Book Review: Undercity

Undercity by Catherine Asaro


Major Bhaajan has spent her entire life trying to escape the brutal world of the Undercity—she left when she was sixteen, joined the military and became a PI—until a suspected kidnapping of the beloved and protected prince of her home planet’s ruling family draws her back in. But after the prince is found, Bhaajan finds herself pulled into the world of her childhood once more—as more dangers are lurking for the Undercity at every turn.

This was…ehhhhh.

enjoyed the plot, however I felt that there was a lot of heavy-handedness in the handling of many of the situations and some clunky writing that felt very forced (and in the audiobook, the call and response of the Dirt Knights was painful to listen to).

This book has the feel of a traditional urban fantasy that just happens to be dropped into a sci-fi setting. The heroine is tough, former military, a stated loner who escaped her hard past but finds herself brought back into it. She’s special but doesn’t really know why. She has a very strong inner monologue that turns into exposition that can be obvious and slightly mind-numbing at times. There is a mystery to be solved, she is a PI, and that mystery transforms into something that can change her people and herself.

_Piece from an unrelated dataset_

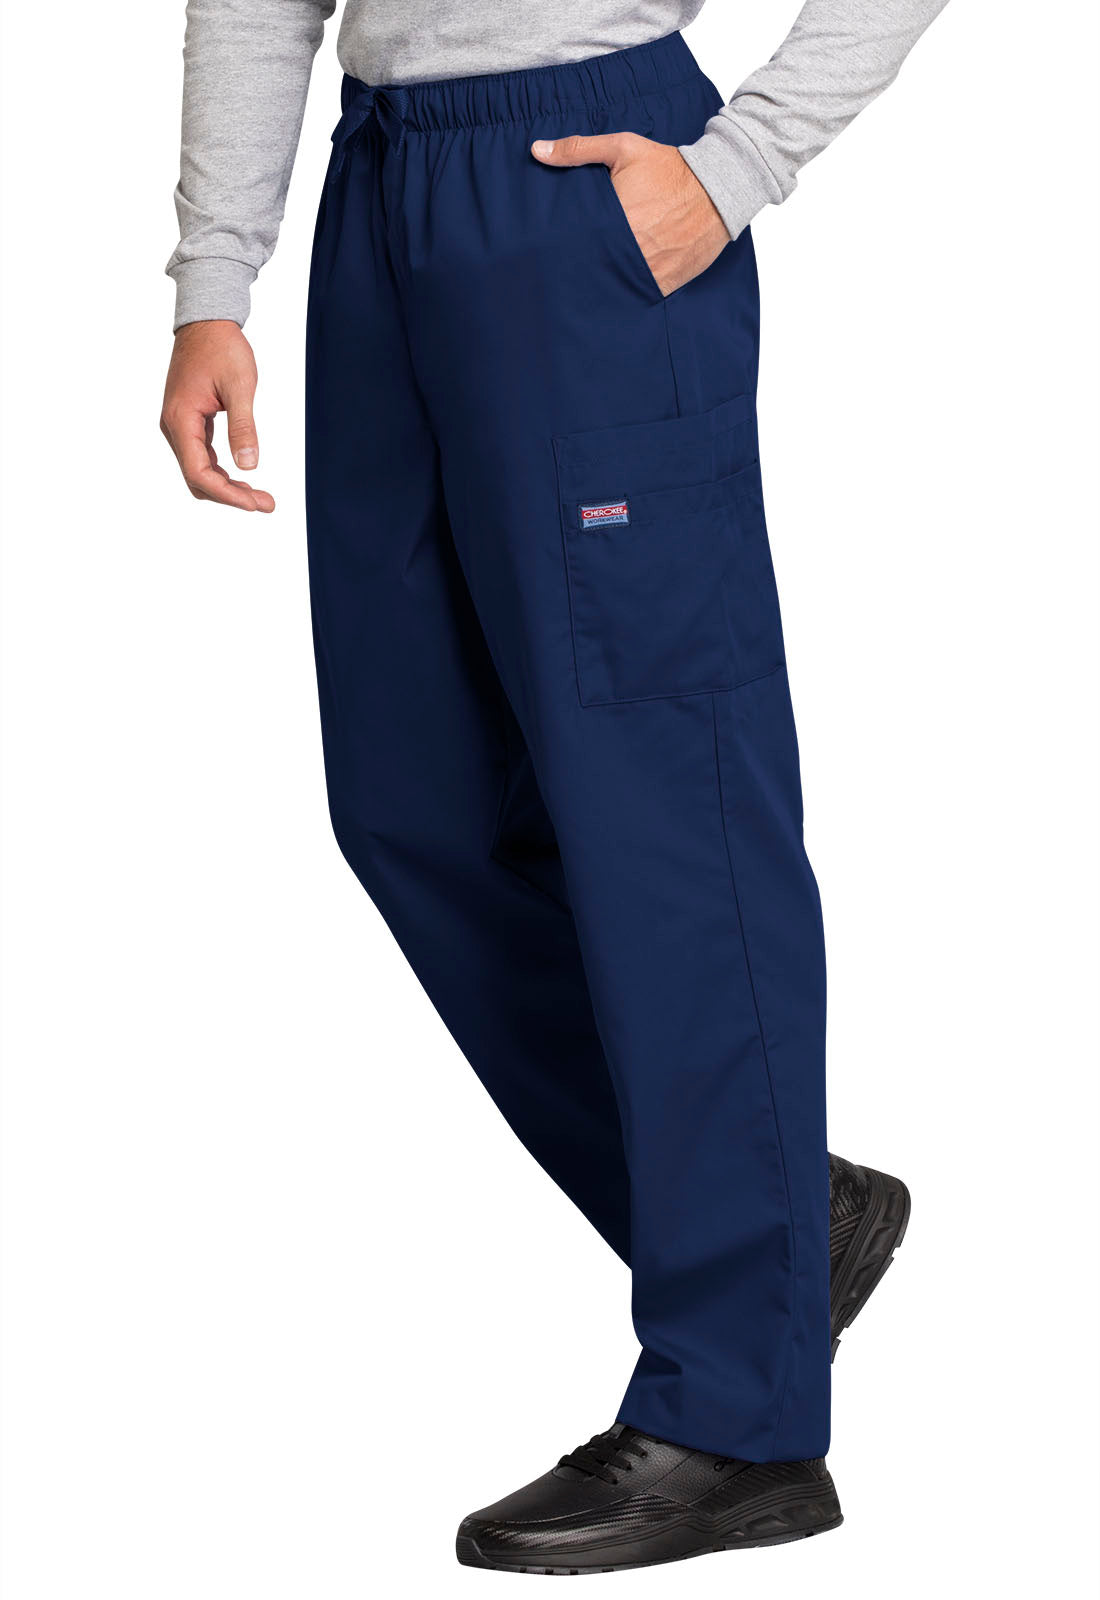 Men's Fly Front Cargo  Pant

Don’t get me wrong—I love urban fantasy. But some of the cliches and tropes were a bit too heavy and obvious. And practically perfect in every way Bhaajan was kind of a bore. She’s good at everything she does (and was apparently self-sufficient and fully cognizant at three), and despite having been apart from the city of her childhood for twenty-some years can speak fully on her people’s needs without having to consult any of them because nothing has changed in millennia.

Also, I grew weary of the very maleness that was Jack. There’s only so many times you can hear lean, long, masculine smile, smirk, etc. And Bhaajan had a weird obsession with women who were taller than she was (what was up with that?).

However, I did like the spin on gender roles, placing the men in the protected positions with a matriarchal society. It was interesting, as was the role of psions in the society. Although the entire inbreeding aspect was ehhhhhhh (this is an issue I’ve had with some of the other books in the original series).

Overall, it’s a solid read, but not a stellar one.

If you like urban fantasy and want to branch into sci-fi, this might feel familiar and ease the transition.